Repeat only the stretch of lines below that runs from the line with "Clarks Un Abode" through the line with "Chocolate crepes with fresh berries.", unaltered.

**Task material:**
== Segment start ==

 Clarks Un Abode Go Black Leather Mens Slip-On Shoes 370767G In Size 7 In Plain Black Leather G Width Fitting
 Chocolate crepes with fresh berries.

== Segment end ==
== Segment start ==

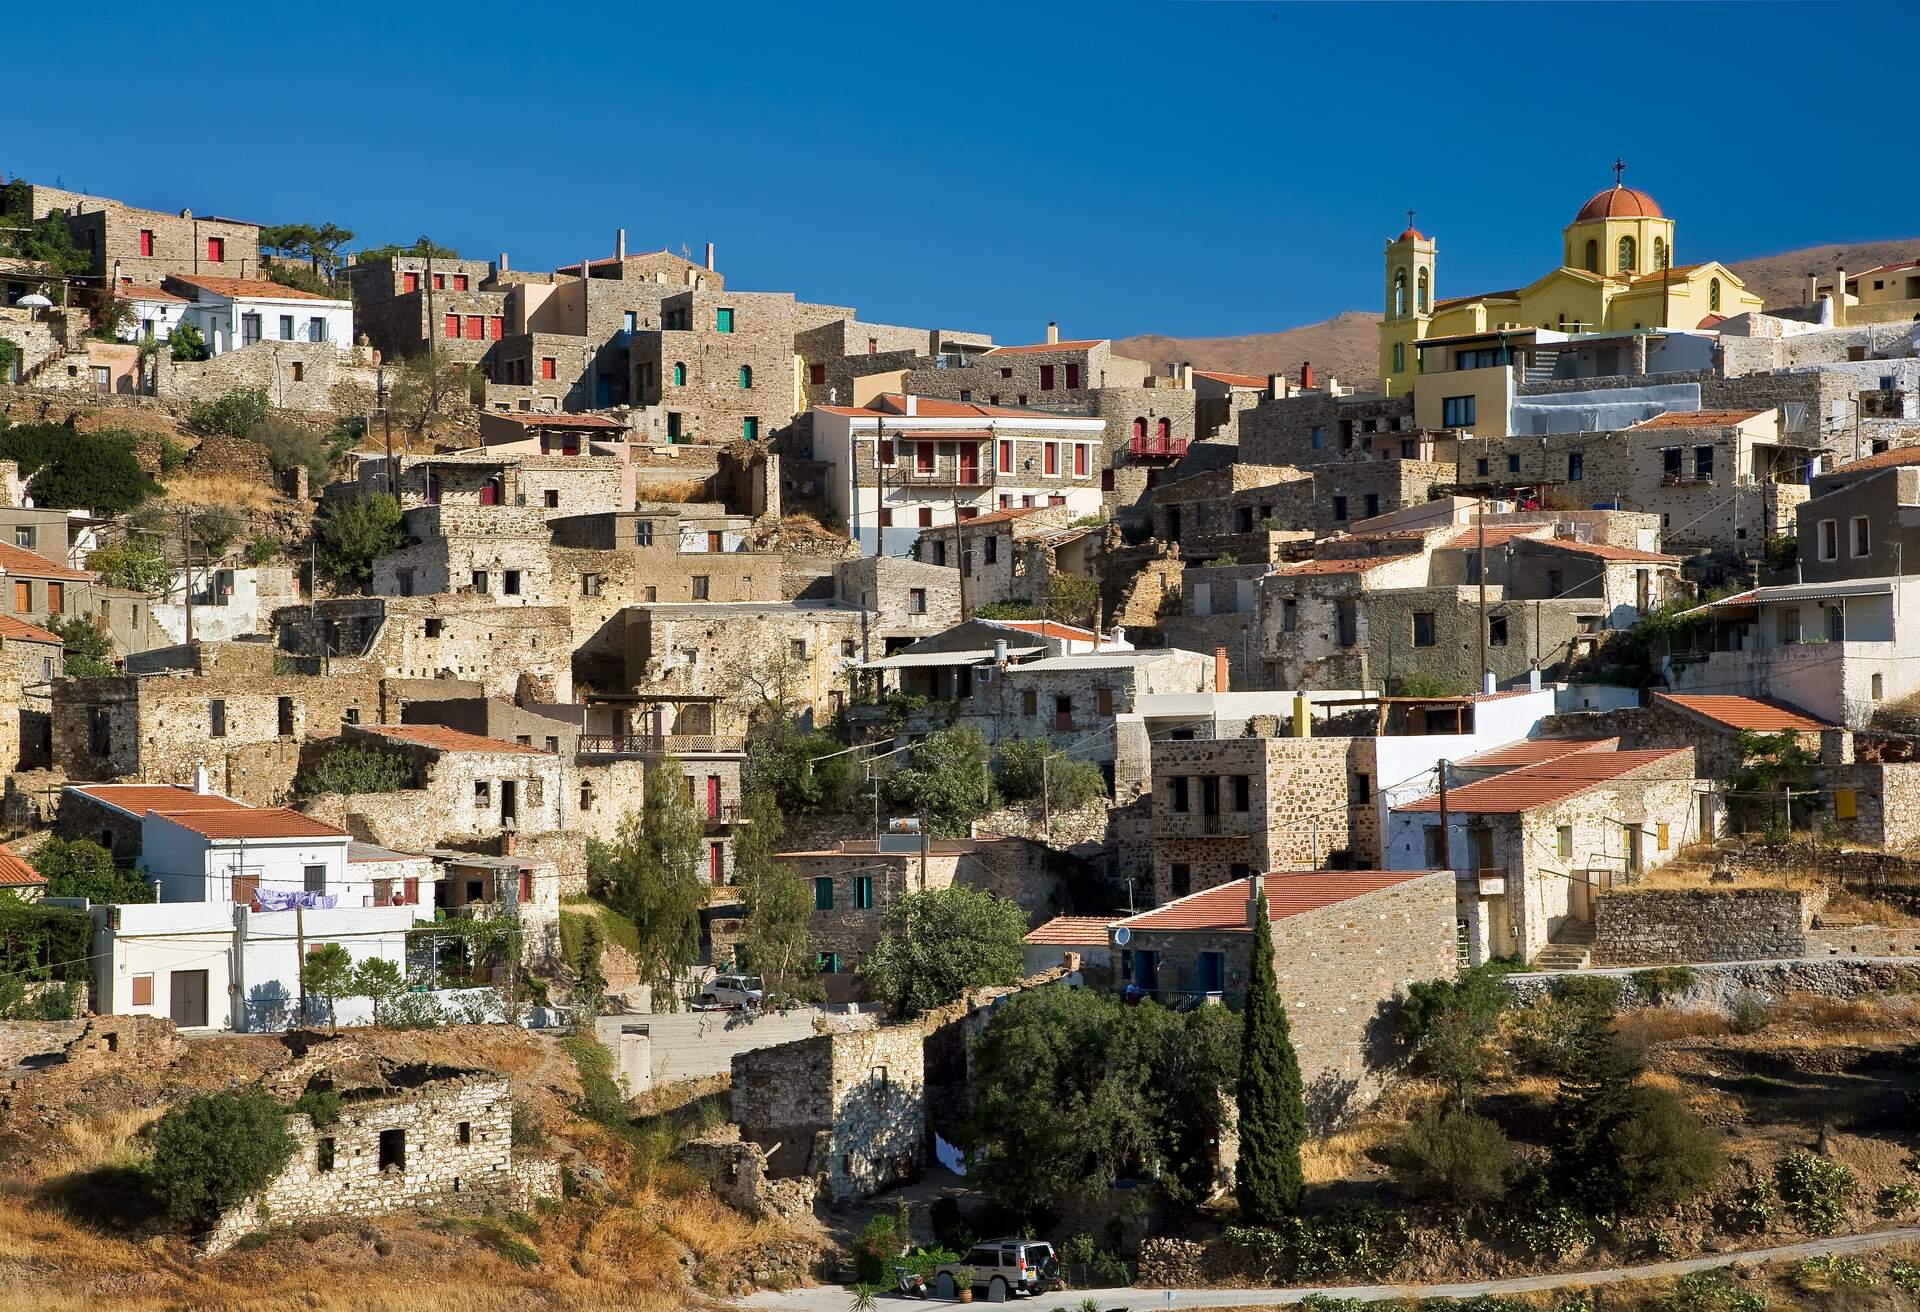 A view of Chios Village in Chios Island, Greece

== Segment end ==
== Segment start ==

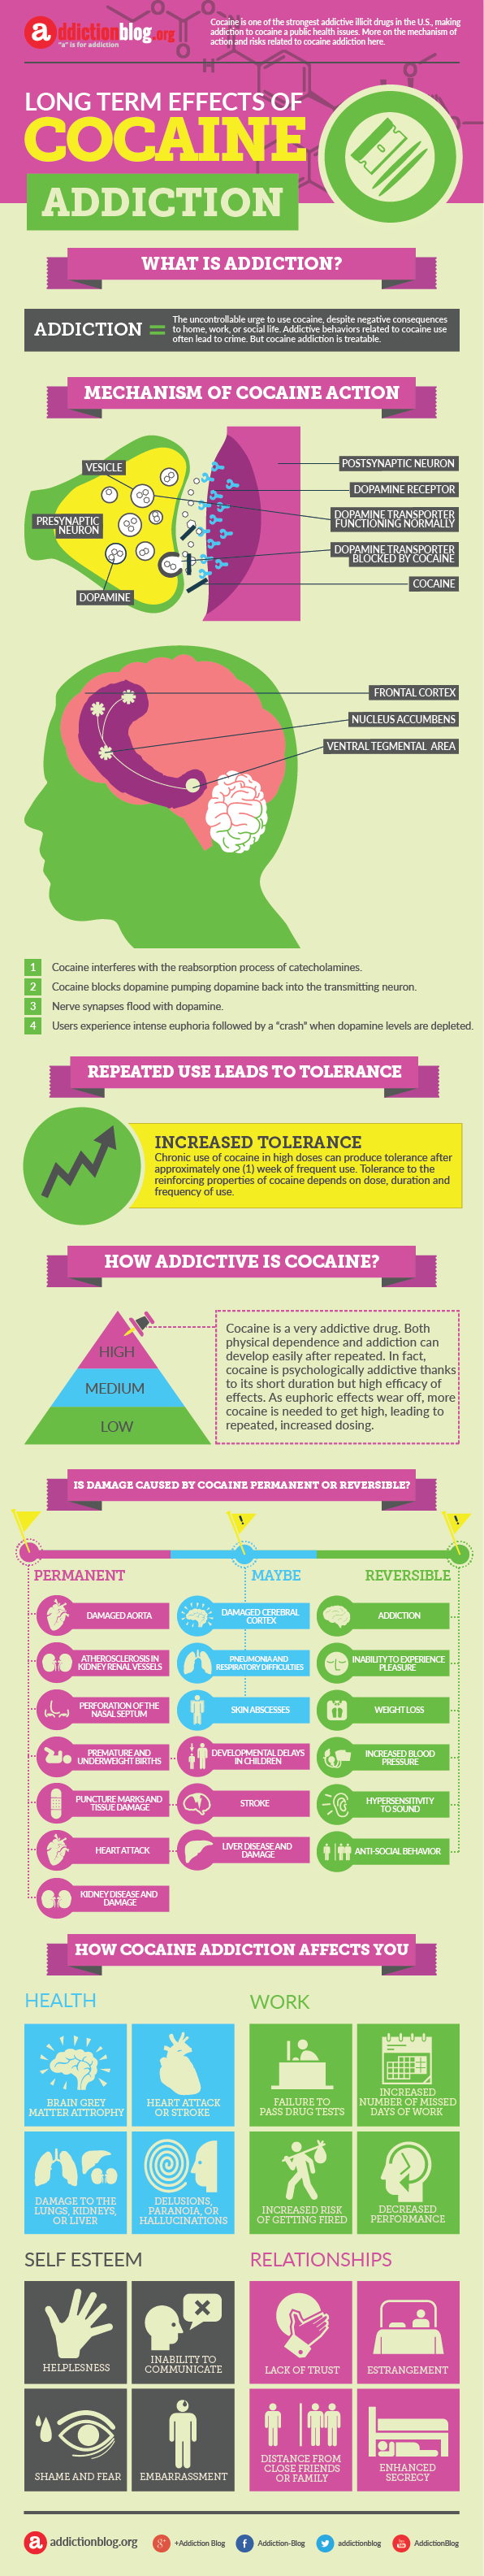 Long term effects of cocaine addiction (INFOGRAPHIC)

== Segment end ==

**Response box:**
 Clarks Un Abode Go Black Leather Mens Slip-On Shoes 370767G In Size 7 In Plain Black Leather G Width Fitting
 Chocolate crepes with fresh berries.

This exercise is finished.